A l’inverse des Américains, les Français n’ont jamais envisagé de changer leur fusil d’épaule et se tourner vers l’option 2028. Sur le moment, cette position avait pu sembler rigide. Il s’était même dit qu’elle risquait d’affaiblir le dossier français, face à des Californiens plus souples, déterminés à se présenter comme des « partenaires » du mouvement olympique, pas seulement des candidats. Etienne Thobois insiste: « Nous n’avons jamais envisagé une autre option. 2024 était notre mandat. En tournant la question dans tous les sens, nous en sommes toujours arrivés à la même conclusion: 2024, seulement 2024. Cette analyse – meilleur dossier, meilleur timing – a fini par être partagée par beaucoup de gens, dans l’administration du CIO, parmi les membres et dans les fédérations internationales. »
Le contexte.
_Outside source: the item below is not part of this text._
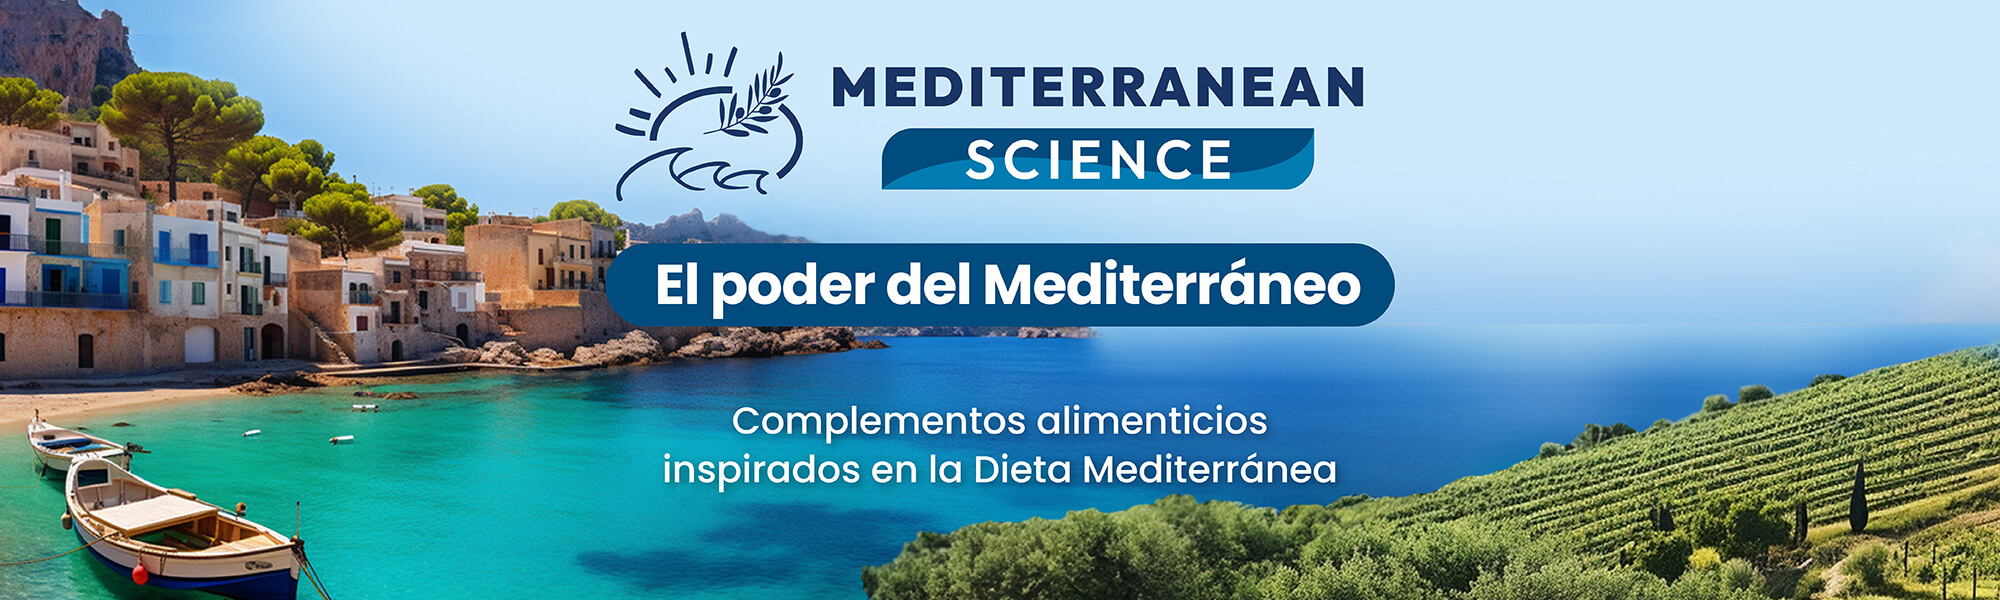 Mediterranean Science, el poder del Mediterráneo

Paris a été servie par les circonstances. L’élection de Donald Trump d’un côté de l’Atlantique, celle d’Emmanuel Macron de l’autre. Beaucoup en conviennent dans les deux camps: une victoire de la démocrate Hillary Clinton, très proche d’Eric Garcetti, dans la course à la Maison Blanche, aurait largement modifié la donne. « Les Américains auraient eu une énorme confiance, nous aurions ramé », reconnaît l’un des porteurs du projet français. En juin dernier, la visite de Thomas Bach à Washington, pour y rencontrer Donald Trump, aurait encore pu donner un coup de pouce à la candidature de L.A. Elle a eu l’effet inverse. Selon un proche du dossier, l’entrevue n’a pas été très constructive, voire hostile, le président américain traitant le dirigeant allemand comme un interlocuteur sans importance.
En face, Emmanuel Macron a bousculé son emploi du temps de nouveau chef de l’Etat français pour recevoir à l’Elysée les membres de la commission d’évaluation, le 16 mai dernier. Moins de deux mois plus tard, il a fait le voyage vers Lausanne pour la session extraordinaire du CIO. L’une des clefs de la victoire.